Specifically, as shown in FIG. 1, assume that the start time t of the mth note has been detected m And the start time t of the (m + 1) th note m+1 . Since they are adjacent notes, the intermediate time (t) can be set m +t m+1 ) The/2 is considered as a reliable point for achieving music decoding, where the observation window is likely to lie completely within the mth beat duration. This time corresponds to the STFT index:
Figure BDA0003843783150000103
wherein [ ·]"stands for integer rounding operator. Thus, the windowed FFT spectrum can be used
Figure BDA0003843783150000104
As a peak, and find the peak spectrum index as:
Figure BDA0003843783150000105
from this, the melody frequency of this main spectrum can be estimated as:
Figure BDA0003843783150000106
finally, the closest frequency can be found by looking up the piano pitch table, thereby judging which piano key was pressed. Further, given a reference frequency (e.g., a frequency corresponding to the note "Do"), its note can be easily represented.
Example 2
Verification experiment
3.1.ODF graph
A piano tune "cradle tune" was recorded and the parameter settings mentioned in section 2.2 were performed. According to the above-mentioned starting time detection process, the time-frequency distribution shown in fig. 4 is obtained in the embodiment of the present invention.
Note decoding
After detecting the onset of the note duration, embodiments of the present invention further performed music decoding experiments (reference frequency of 369.994Hz instead of "Do"). For this music, "cradle music", the chord and melody score is shown in fig. 5.
Following the note decoding process described above, all notes are retrieved. For the convenience of demonstration, the note decoding result is displayed on the STFT time-frequency distribution spectrogram, as shown in FIG. 6.
The design principle and design result of tonal music start time detection and note decoding based on spectrum leakage feature extraction and the verification experiment performed on the model are given in detail above, and it can be seen that the embodiment of the present invention has the following beneficial effects:
(1) For the note-onset detection result, it can be seen from fig. 4 (a):
a. there are obviously many horizontal stripes (from the variation of each note) distributed on this STFT time-frequency plot, showing a good energy concentration effect, in fact due to the parameter settings described in section 2.2.

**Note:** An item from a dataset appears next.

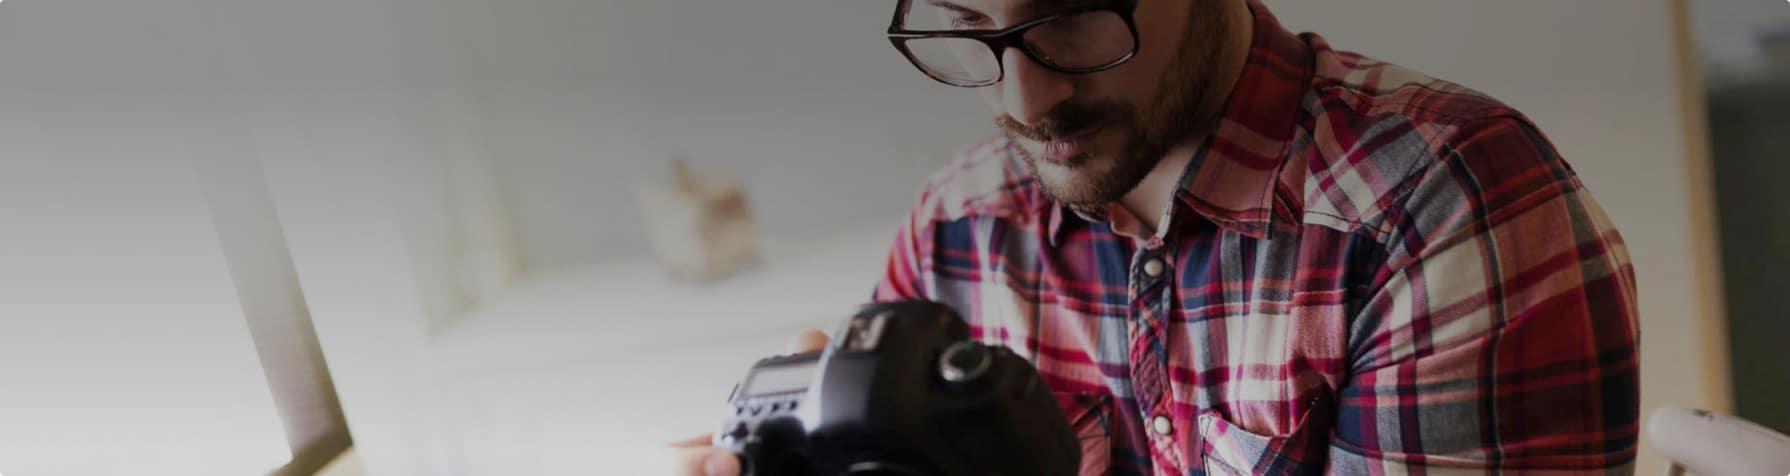 Photography Business Insurance Cost - Desktop

b. There are also clear vertical stripes at the boundaries of adjacent notes that are a side reflection of spectral leakage as the viewing window traverses the transition regions where the viewing window passes from one note to the next.
c. Note that there are a series of horizontal bars at different frequency locations during any note time, which can verify the correctness of the segmented harmonic model for tonal music presented in section 2.1.
As can be seen from fig. 4, diagram (b):
the ODF curve will show the fluctuating changes described in section 2.3, i.e. the ODF curve will become smaller when the viewing window is fully contained within the note and larger when moving to the transition region between adjacent note durations.
b. The peak locations (marked with asterisks) in fig. 4 (b) occur exactly where the vertical stripes (representing the boundaries of adjacent beat durations) are located in fig. 4 (a). The result proves that the provided starting time detection method has higher positioning precision.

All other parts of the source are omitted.